**WHAT YOU ARE ASKED TO DO:**
In the listing below, the lines starting at the line with "Aircraft Year books" and ending at the line with "christian-and-street-performer-seoul-korea" are to be output verbatim. Images stay out of the copy.

**EXERCISE DATA:**
☆ ☆ ☆ ☆ ☆
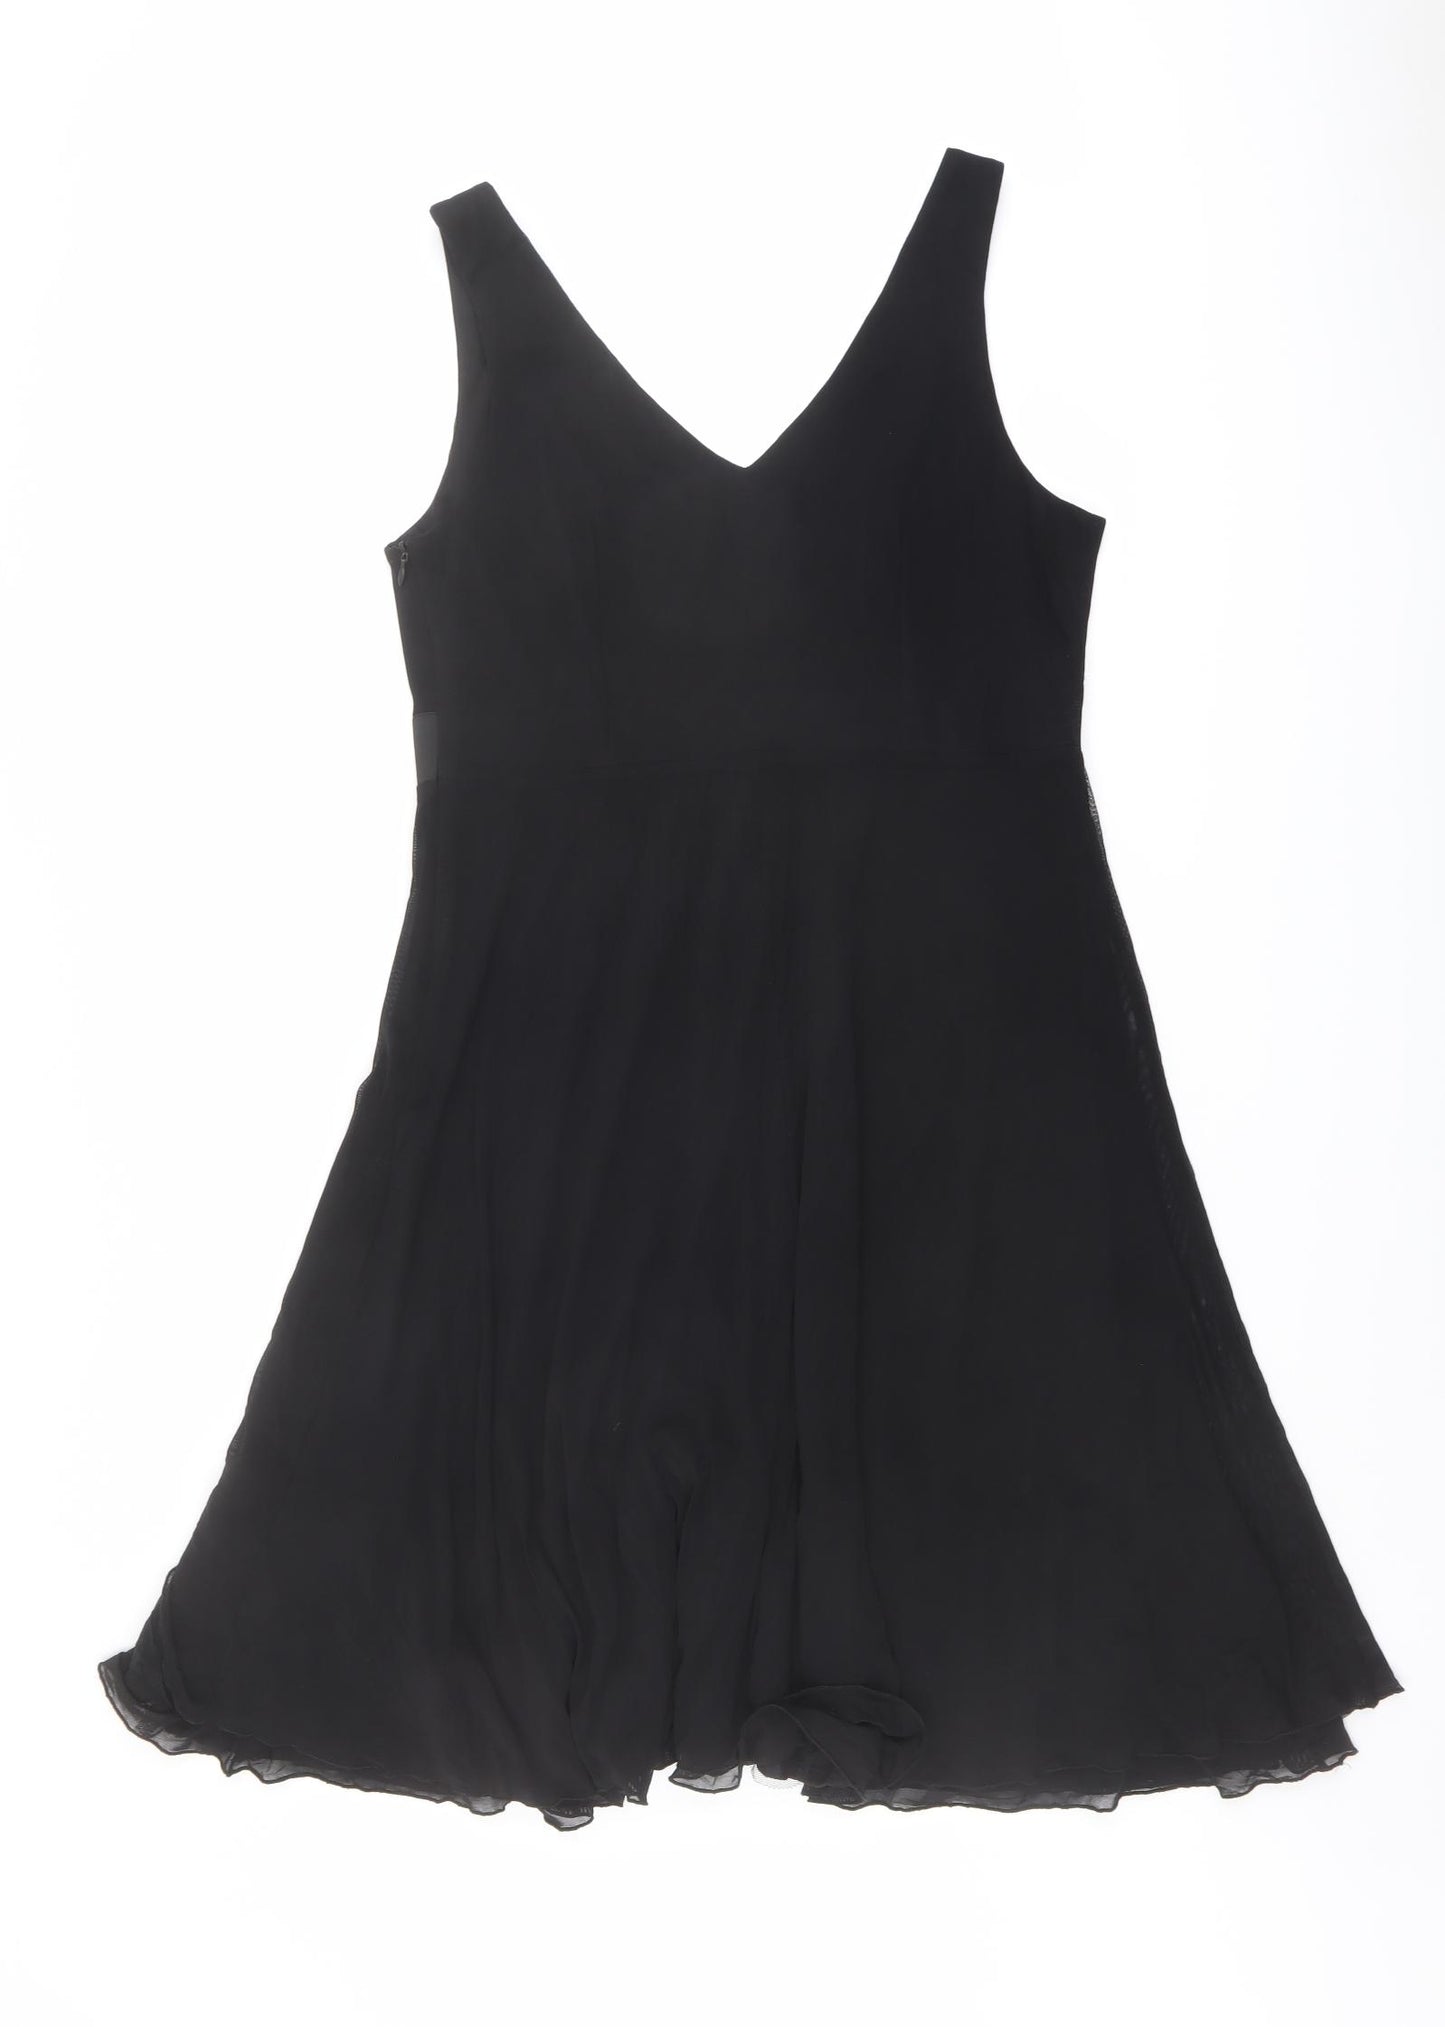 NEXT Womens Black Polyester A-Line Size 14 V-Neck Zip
☆ ☆ ☆ ☆ ☆
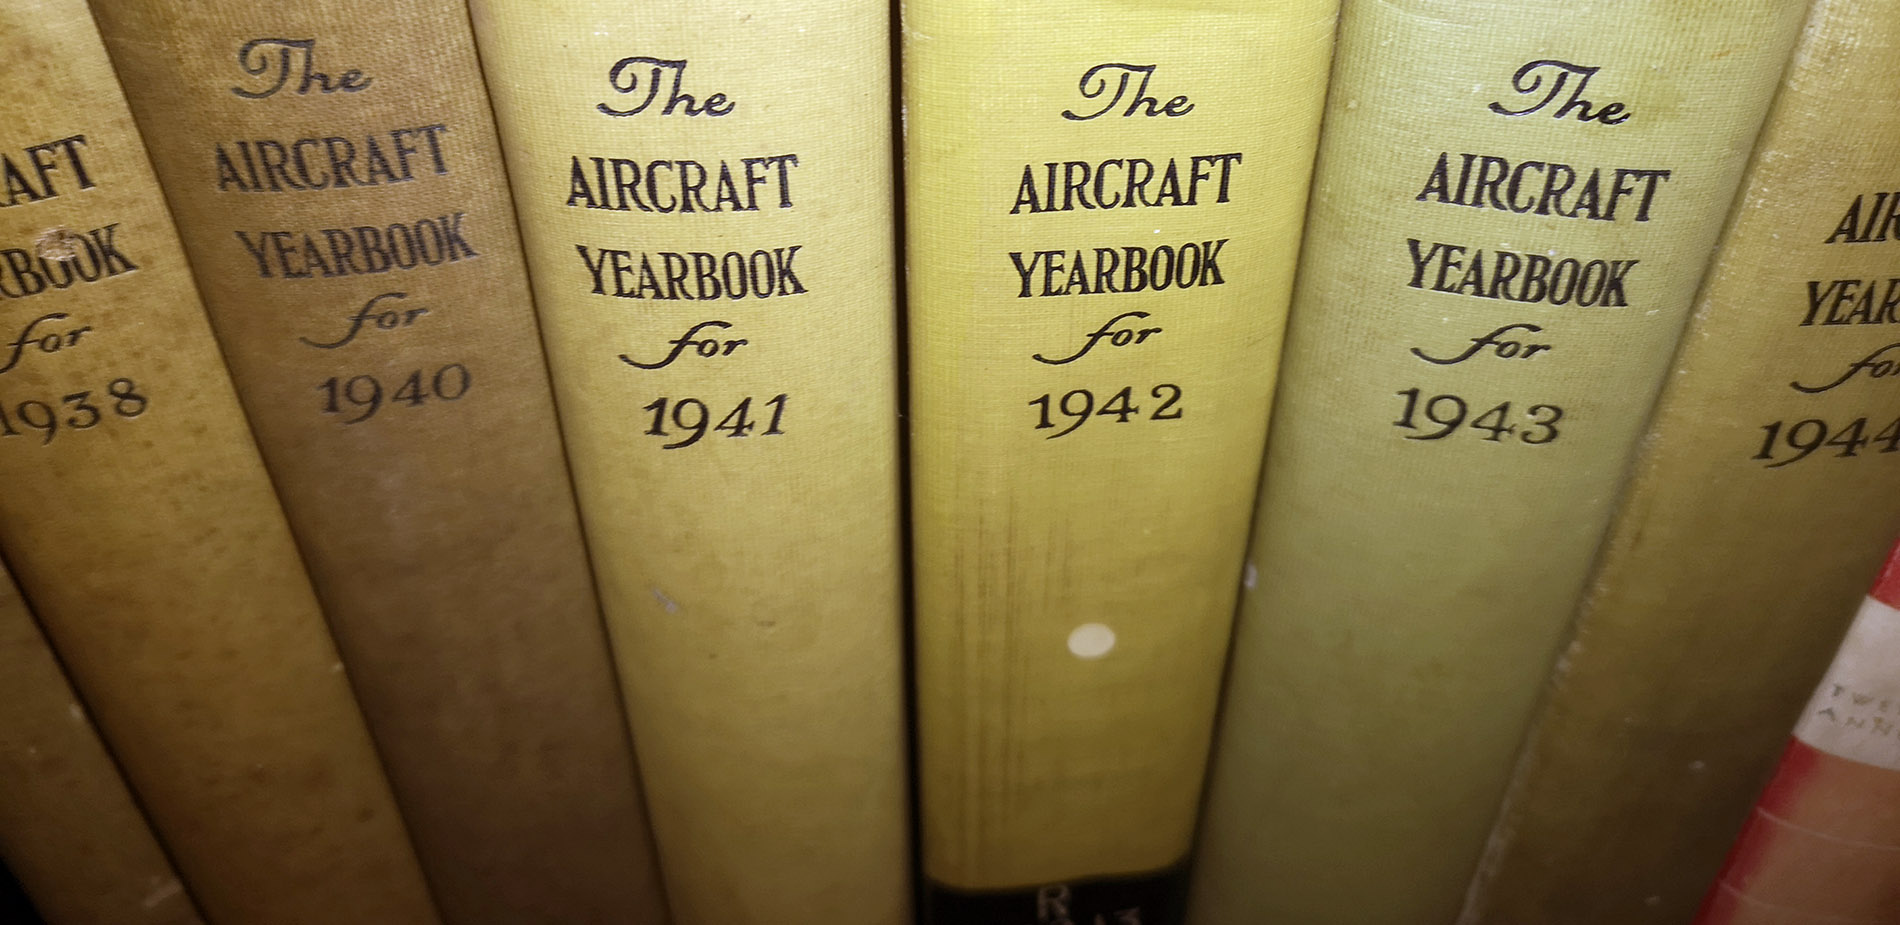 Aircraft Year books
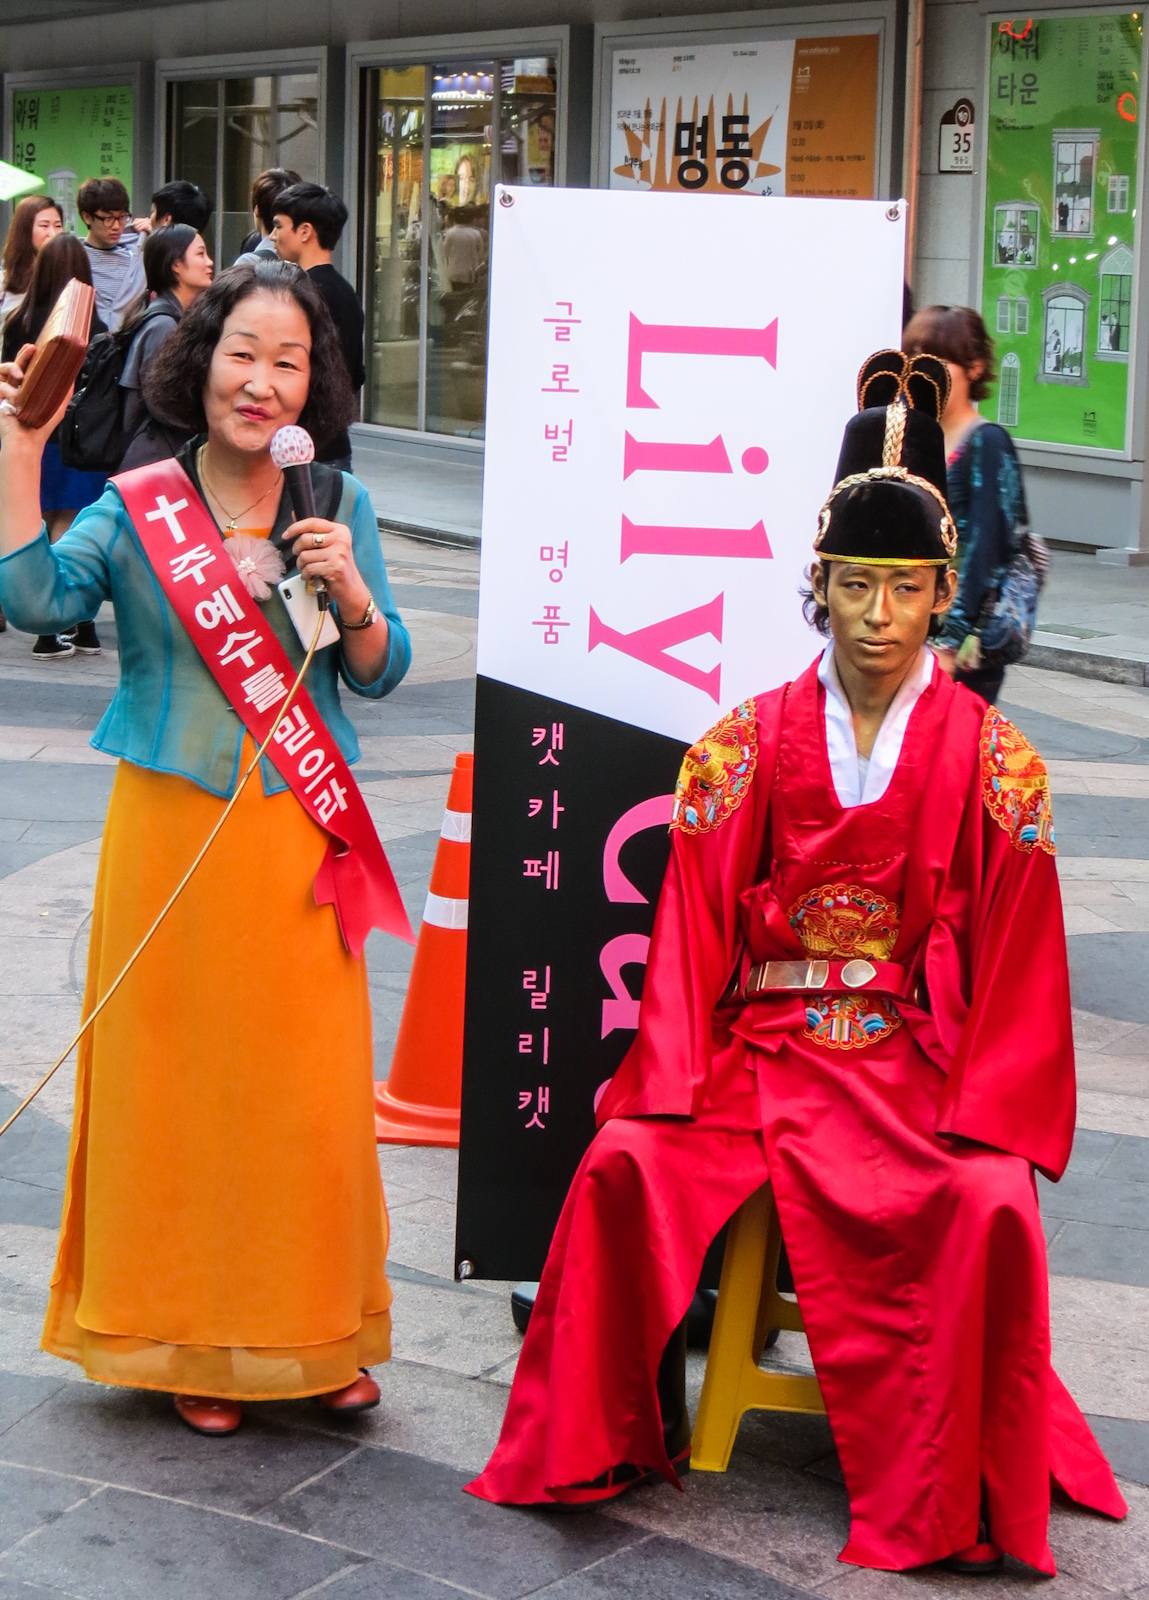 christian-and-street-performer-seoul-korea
☆ ☆ ☆ ☆ ☆
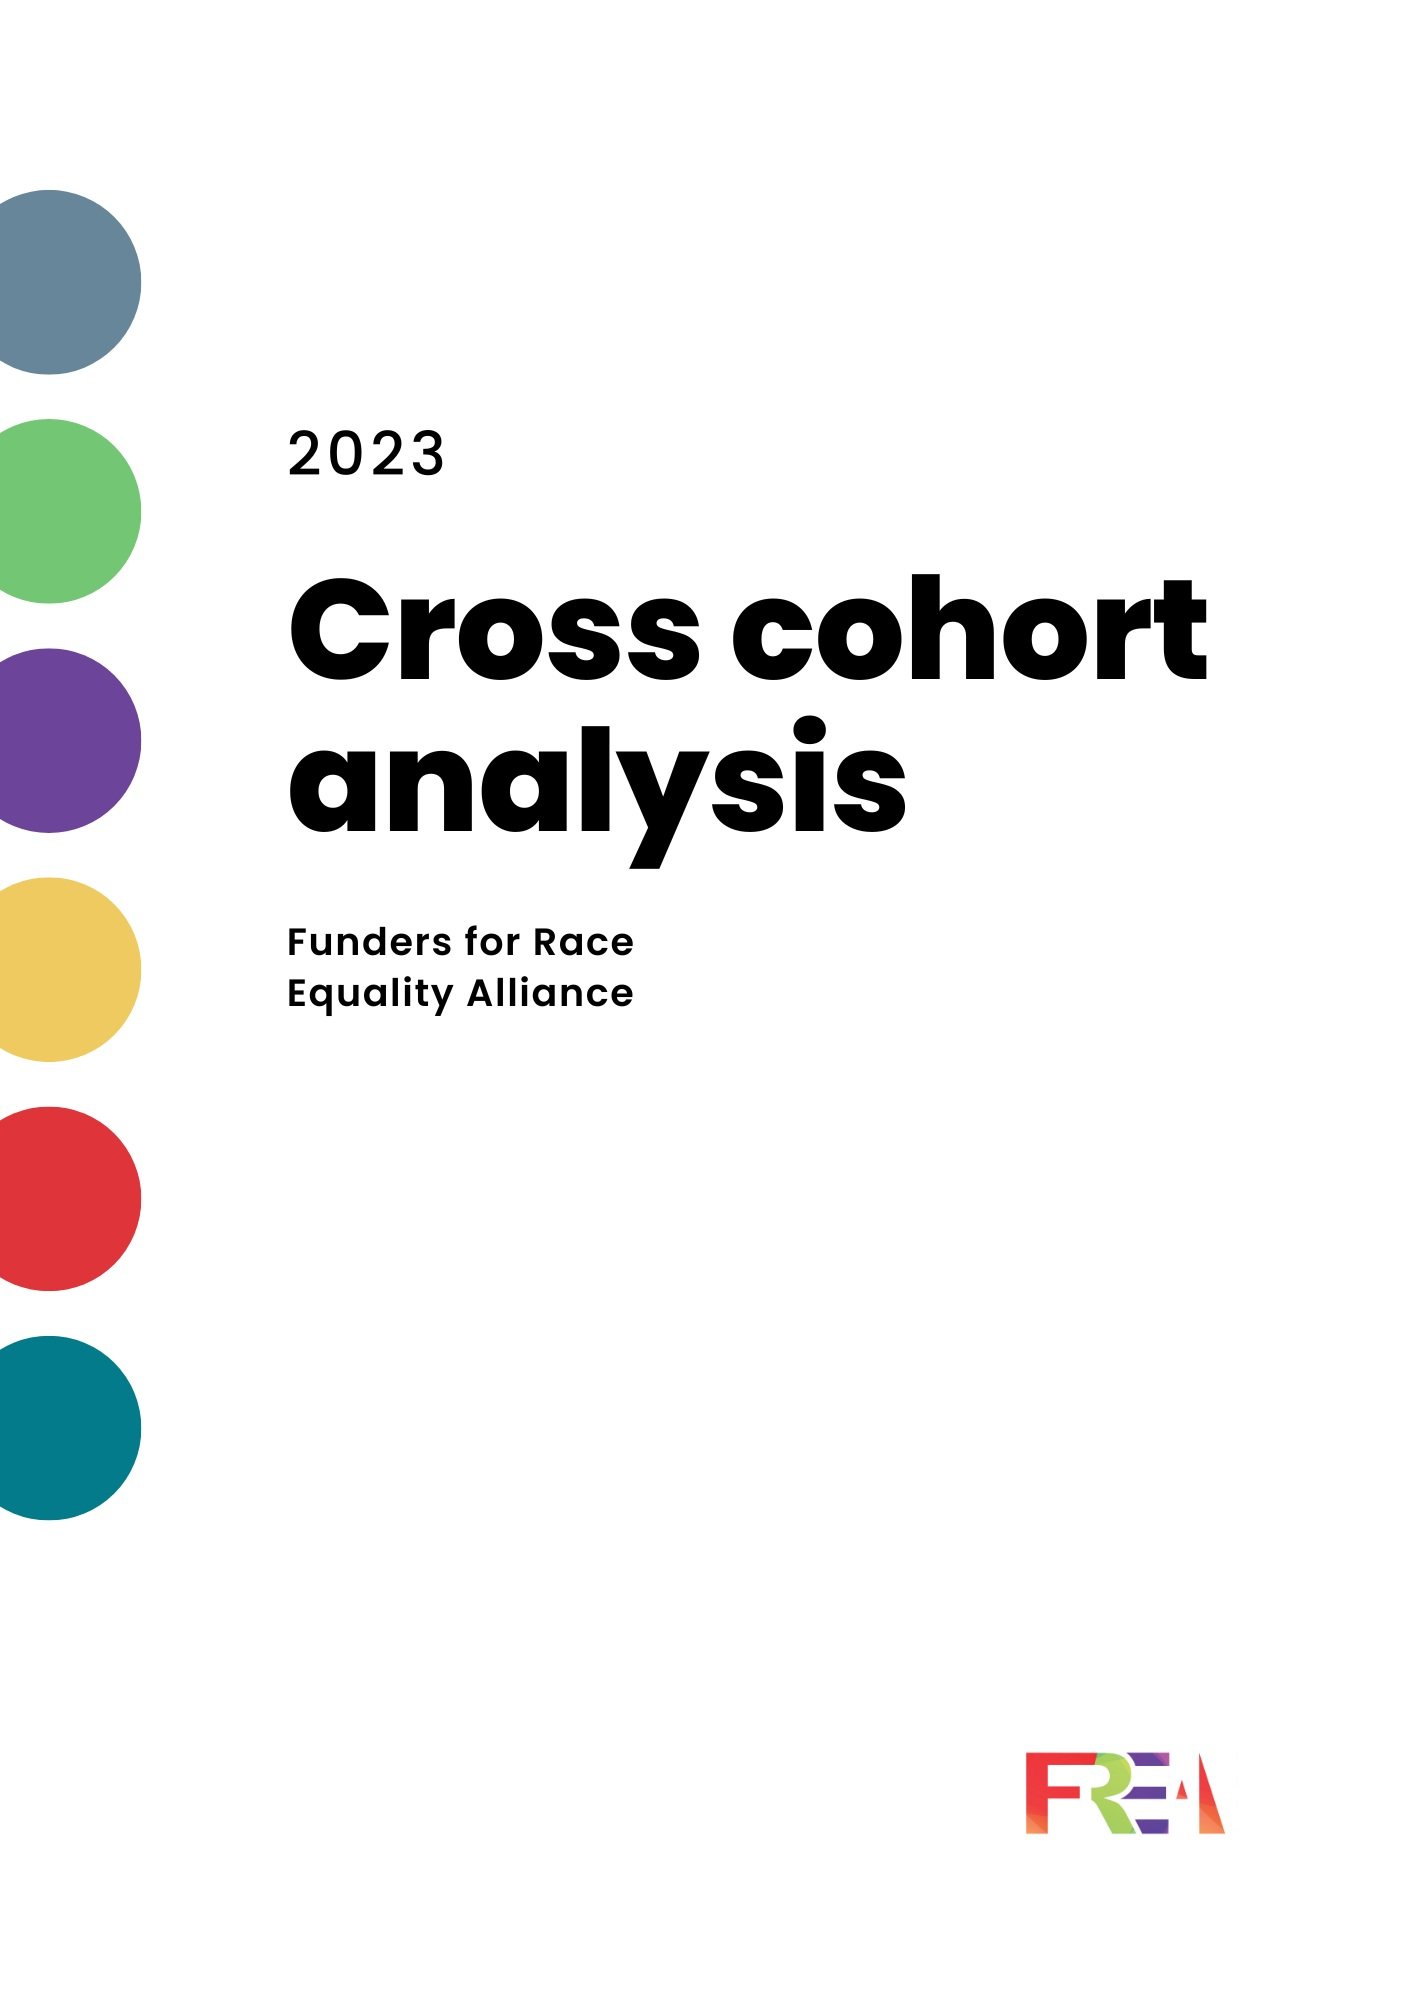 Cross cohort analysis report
☆ ☆ ☆ ☆ ☆
**EXERCISE RESPONSE:**
 Aircraft Year books
 christian-and-street-performer-seoul-korea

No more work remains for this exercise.